[Coral-List] A student's guide to the h-index

David Blakeway fathom5marineresearch at gmail.com
Thu Dec 31 12:25:45 UTC 2020


> Dear Coral List - I have been making stupid jokes & trying to be clever,
>> probably losing credibility because of that. But you can tell I am serious
>> about this topic, so please hear me out on this one.
>>
>>
>>
>> It might seem that the current system of citation metrics is working ok,
>> so leave well enough alone. My strong conviction is that it’s not, and that
>> this is genuinely impeding science.
>>
>>
>>
>> Here’s my proposition: the most likely citation rate for the highest
>> quality research paper is zero.
>>
>>
>>
>> This clearly seems a false proposition, but we have to be careful. Our
>> reflex ‘false’ reaction only occurs because we have accepted the axiom of
>> the current system: that citations are a true measure of quality, i.e.

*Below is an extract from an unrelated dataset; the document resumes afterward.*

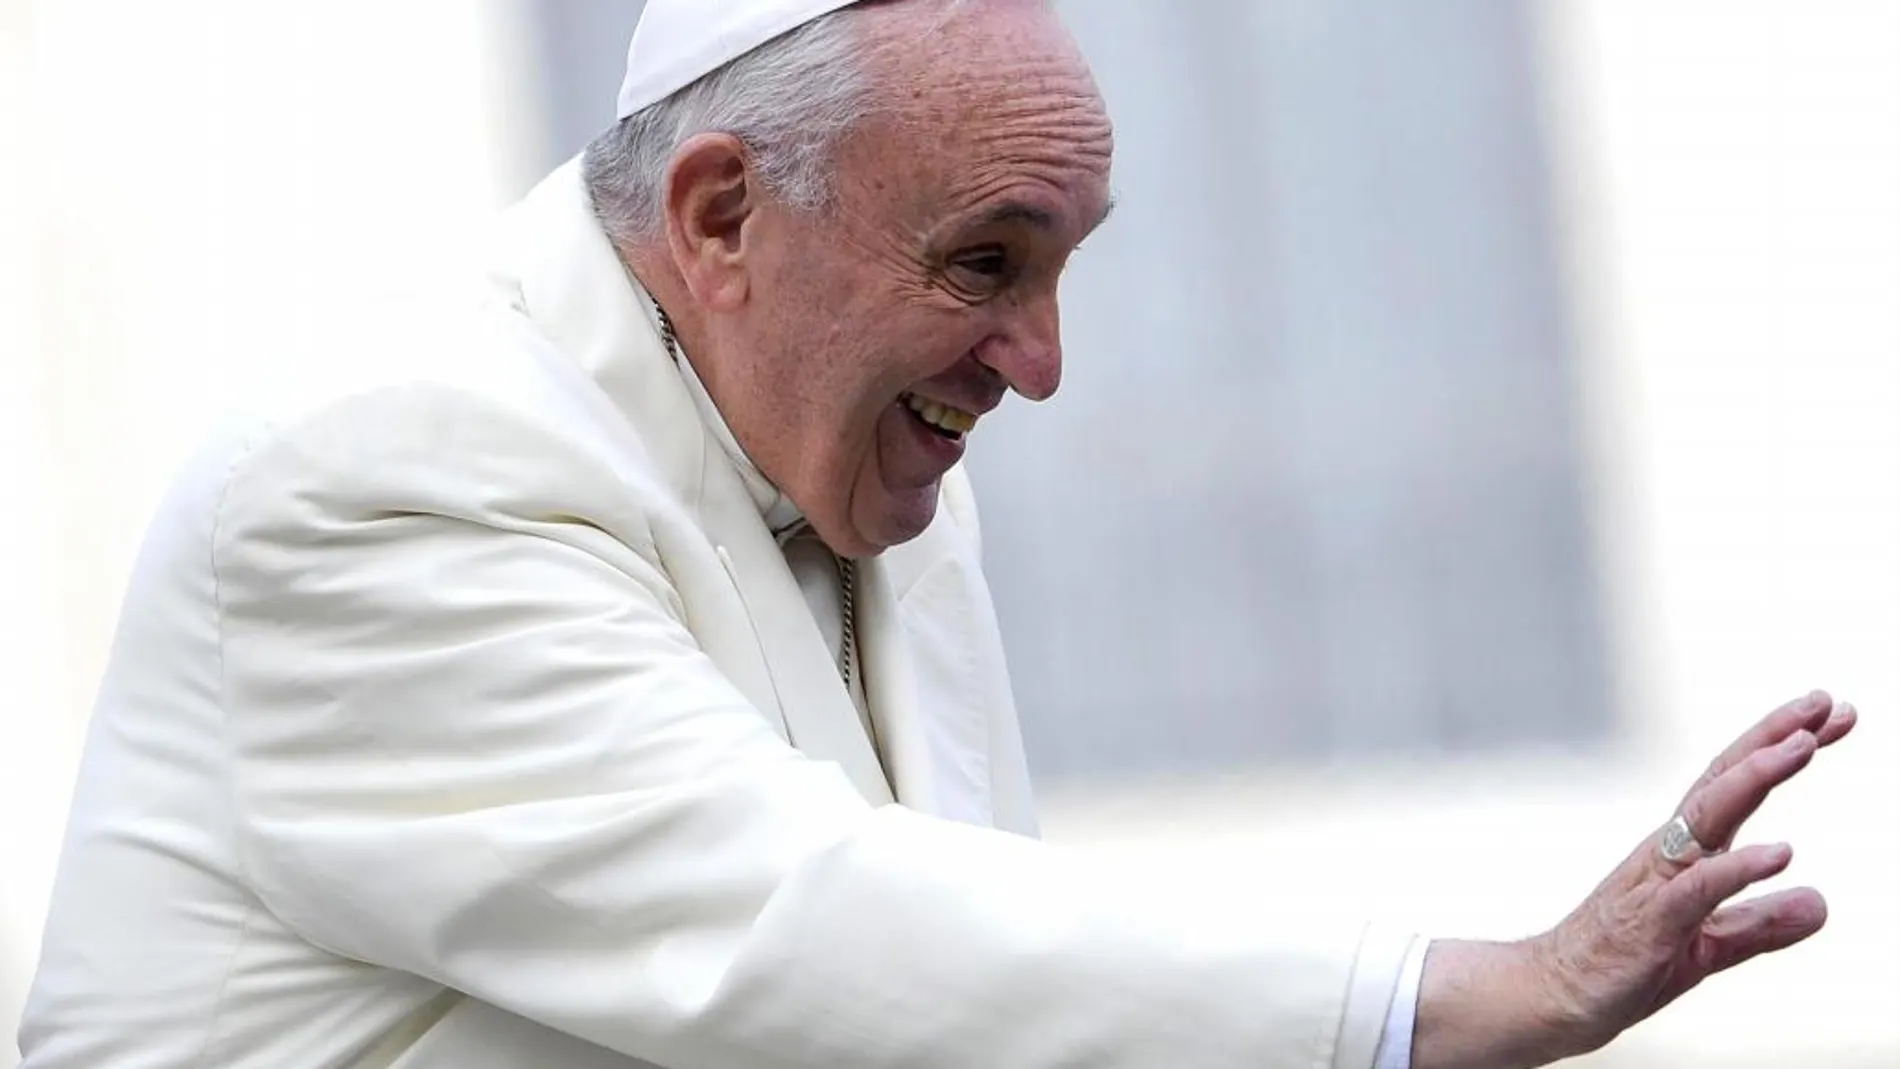 El Papa Francisco saluda a los fieles, ayer en la Plaza de San Pedro en el Vaticano

>> low-quality papers have few citations and high-quality papers have many
>> citations. If we instead define quality as ‘understanding nature’, it’s
>> inevitable that some low-quality papers will have many citations and some
>> high-quality papers will have few citations.
>>
>>
>>
>> It seems to me the very highest quality papers are unlikely to be cited
>> at all, because they are transcendental: they have revolutionised the field
>> but nobody knows that. Because the concepts can’t be parsed within the
>> existing paradigm, the paper is dismissed as low-quality, and it floats
>> away with all the other genuinely low-quality papers.
>>
>>
>>
>> Unless of course, the paper has been written by a highly-cited scientist.
>> In that case we take it seriously. But the highly-cited scientist isn’t
>> likely to write this type of paper because they’re in the paradigm. They
>> may have built the paradigm.
>>
>>
>>
>> How many of these papers are we missing? I think it’s substantial.